My answer is that we need to understand the resilience of the aggregated prediction to new information. This already plays a role in the aggregated prediction, since it helps us weight the relative importance we should give to our prior beliefs P(E) vs the evidence from the experts P(p1,...,pn|E) - a wider spread or a smaller number of forecaster predictions will lead to weaker evidence, and therefore a higher relative weighting of our priors.
Similarly, the spread of distributions gives us information about how much would we gain from additional predictions.
I think this neatly resolves the tension between aggregating vs not, and clarifies when it is important to retain information about the distribution of forecasts: when value of information is relevant. Which, admittedly, is quite often! But when we cannot acquire new information, or we can rule out value of information as decision-relevant, then we should aggregate first into a single number, and make decisions based on our best guess, regardless of the task.
This seems roughly right to me. And in particular, I think this highlights the issue with the example of institutional failure. The problem with aggregating predictions to a single guess p of annual failure, and then using p to forecast, is that it assumes that the probability of failure in each year is independent from our perspective.

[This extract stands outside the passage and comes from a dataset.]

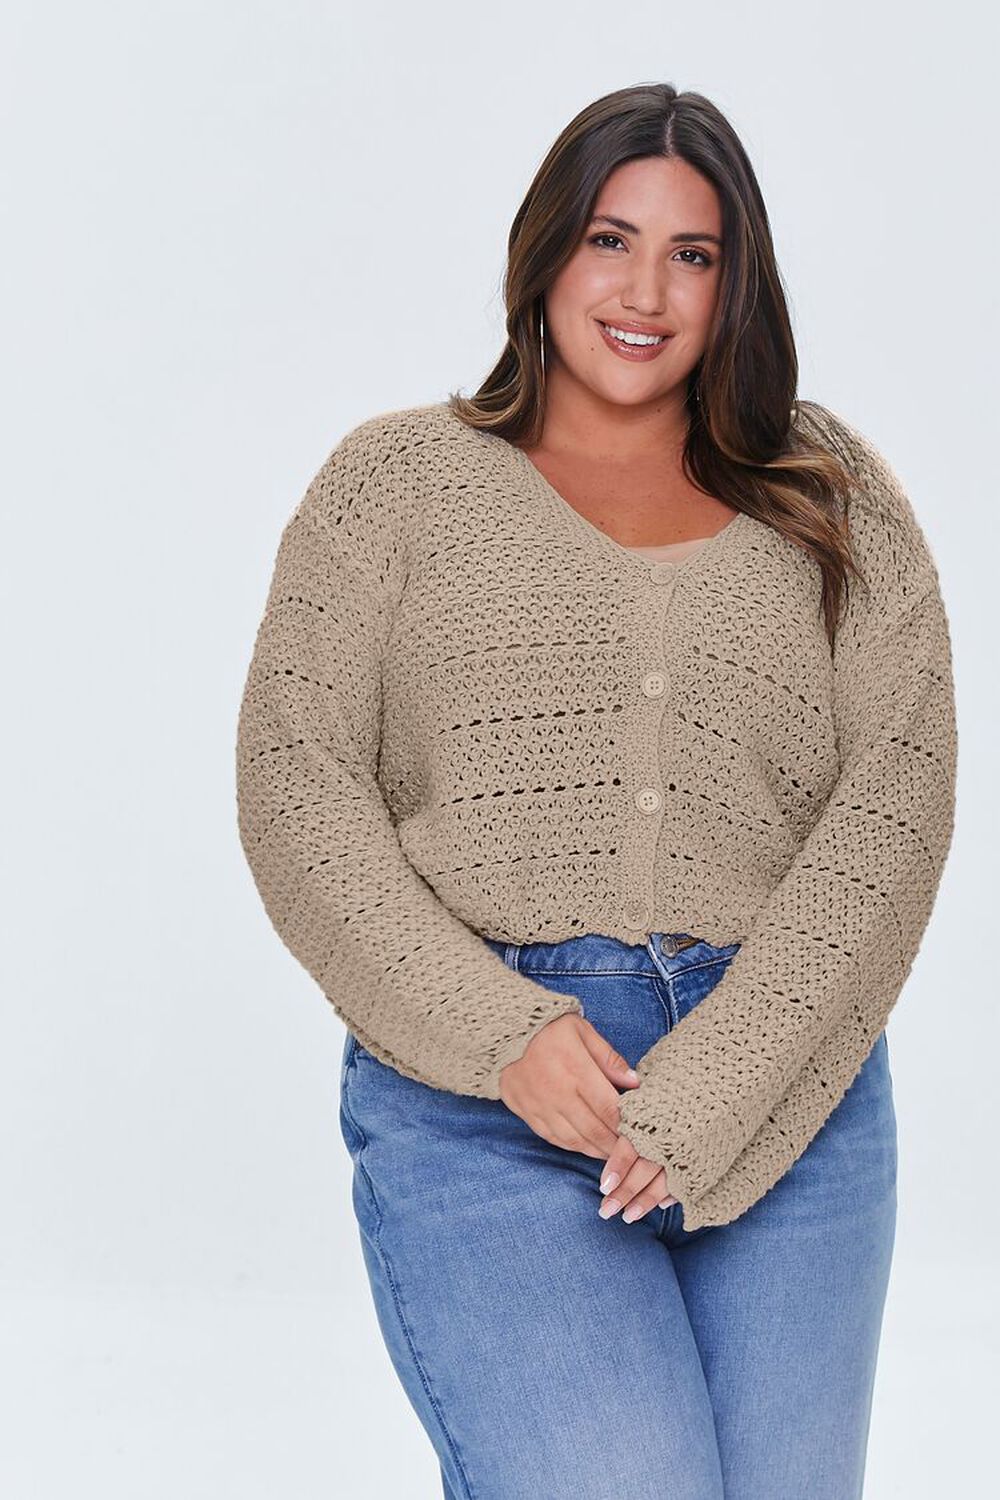 ASH BROWN Plus Size Open-Knit Cardigan Sweater, image 1

But in fact, each year of no failure provides evidence that the risk of failure is low. And if the forecasters’ estimates initially had a wide spread, then we’re very sensitive to new information, and so we should update more on each passing year. This would lead to a high probability of failure in the first few years, but still a moderately high expected lifetime.
I think this is a good account of the institutional failure example, thank you!
I don’t think I get your argument for why the approximation should not depend on the downstream task. Could you elaborate?
I am also a bit confused about the relationship between spread and resiliency: a larger spread of forecasts does not seem to necessarily imply weaker evidence: It seems like for a relatively rare event about which some forecasters could acquire insider information, a large spread might give you stronger evidence.
Imagine E is about the future enactment of a quite unusual government policy, and one of your forecasters is a high ranking government official. Then, if all of your forecasters are relatively well calibrated and have sufficient incentive to report their true beliefs, a 90% forecast for E by the government official and a 1% forecast by everyone else should likely shift your beliefs a lot more towards E than a 10% forecast by everyone.
Your best approximation of the summary distribution ^p=P(E|p1,...,pN) is already “as good as it can get”. You think we should be cautious and treat this probability as if it could be higher for precautionary reasons? Then I argue that you should treat it as higher, regardless of how you arrived at the estimate.
In the end this circles back to basic Bayesian / Utility theory—in the idealized framework your credences about an event should be represented as a single probability. Departing from this idealization requires further justification.
You are right that “weaker evidence” is not exactly correct—this is more about the expected variance introduced by hypothetical additional predictions. I’ve realized I am confused about what is the best way to think about this in formal terms, so I wonder if my intuition was right after all.